Instructions for the task » Carry none of the pictures over; write out the complete data exactly.

Provided data »
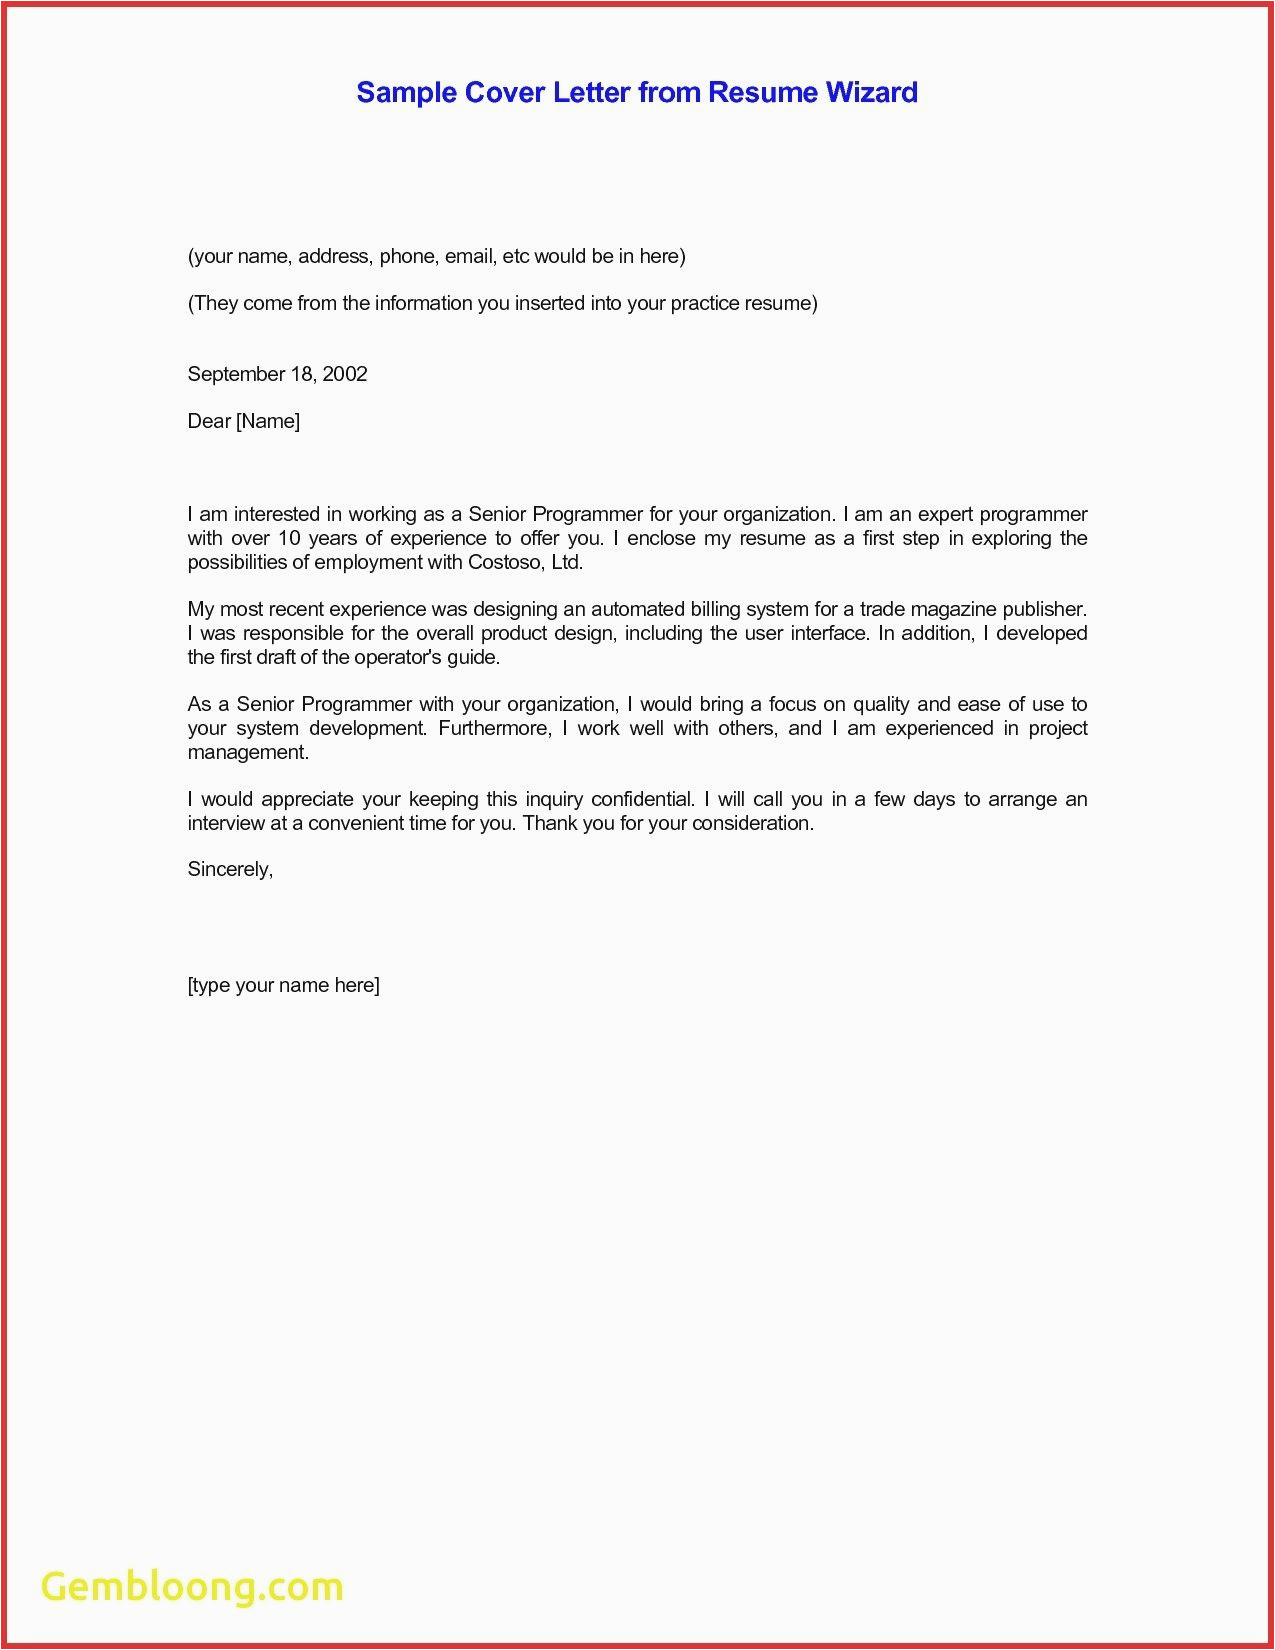 Email Sending Resume and Cover Letter Sample Email Cv Cover Letter Template
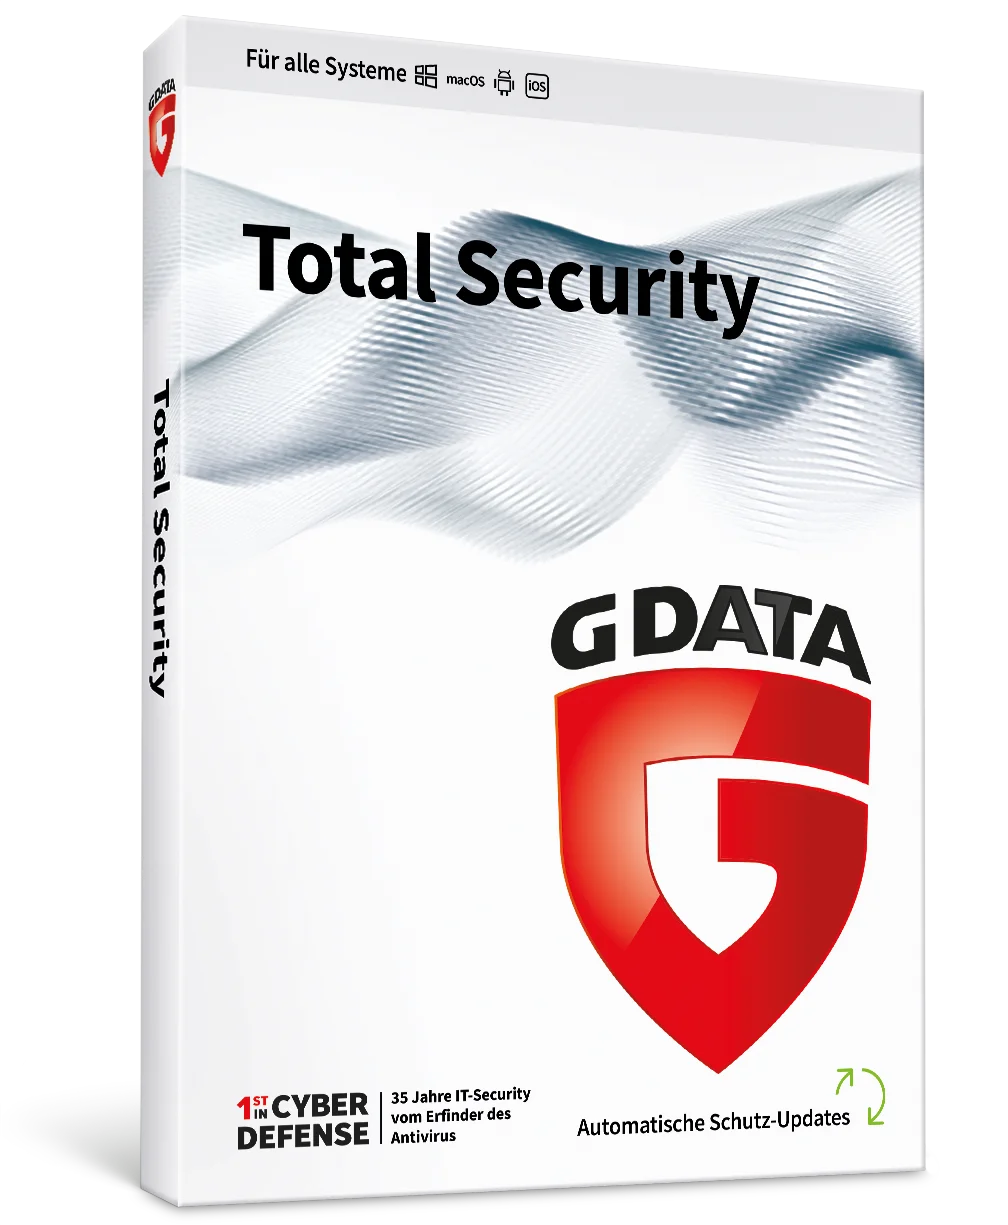 Total security Gdata 1 year 3 devices pc laptop phone
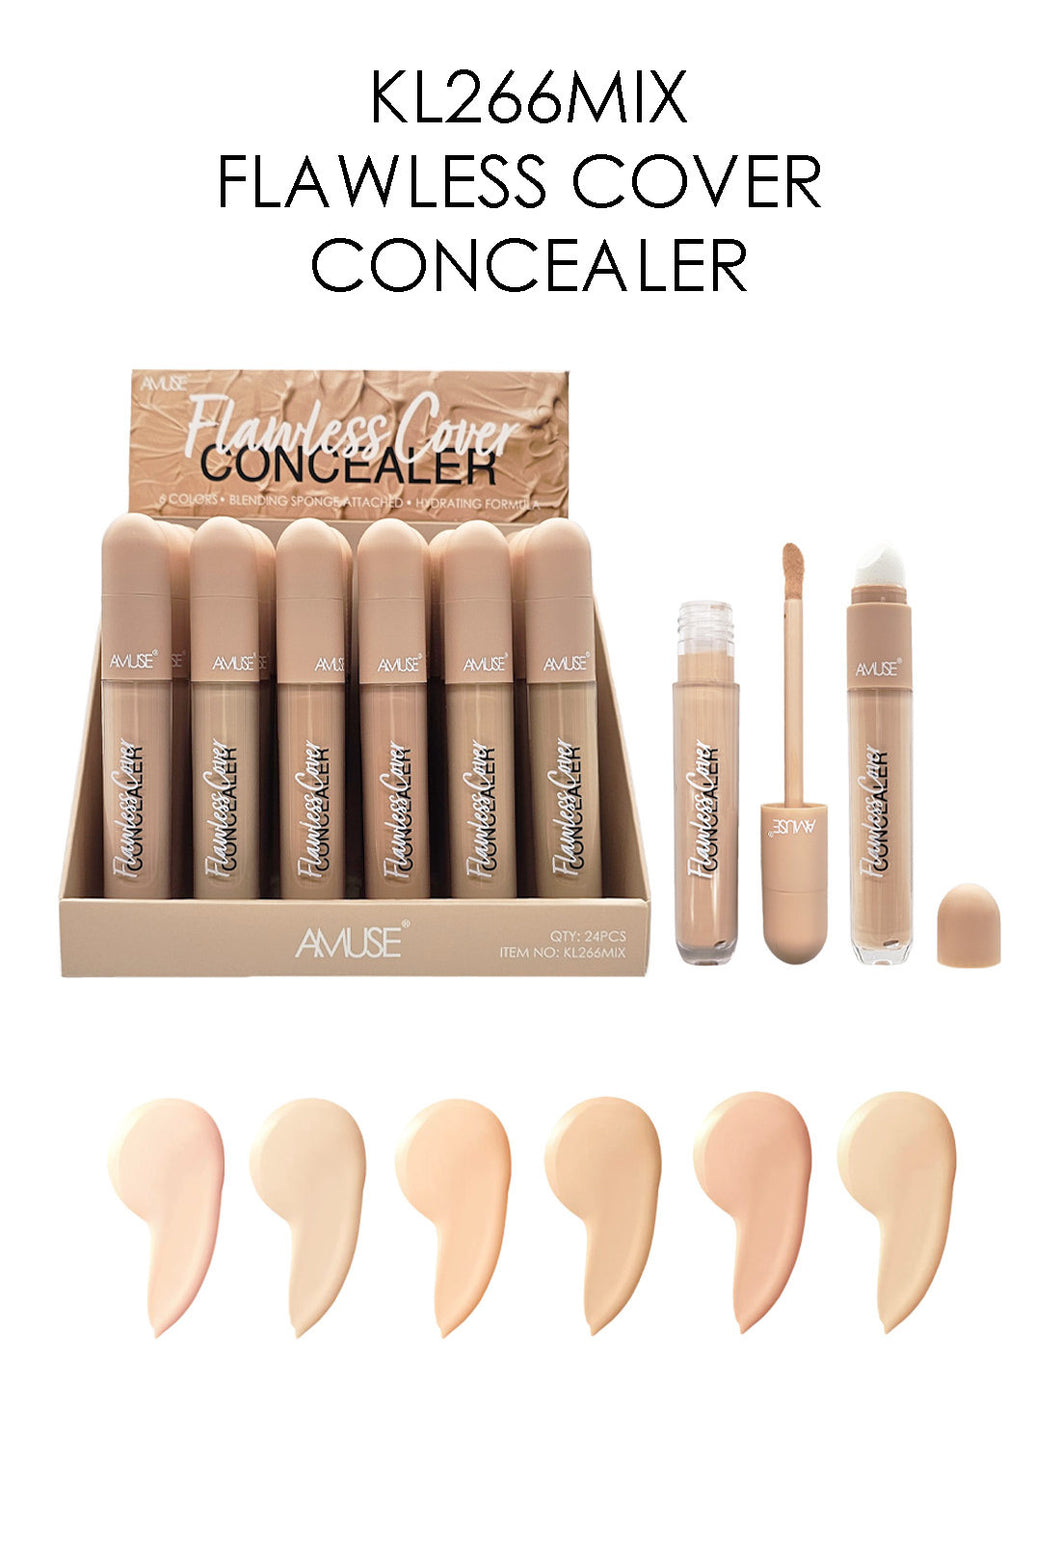 KL266MIX FLAWLESS COVER CONCEALER

Result below »
 Email Sending Resume and Cover Letter Sample Email Cv Cover Letter Template
 Total security Gdata 1 year 3 devices pc laptop phone
 KL266MIX FLAWLESS COVER CONCEALER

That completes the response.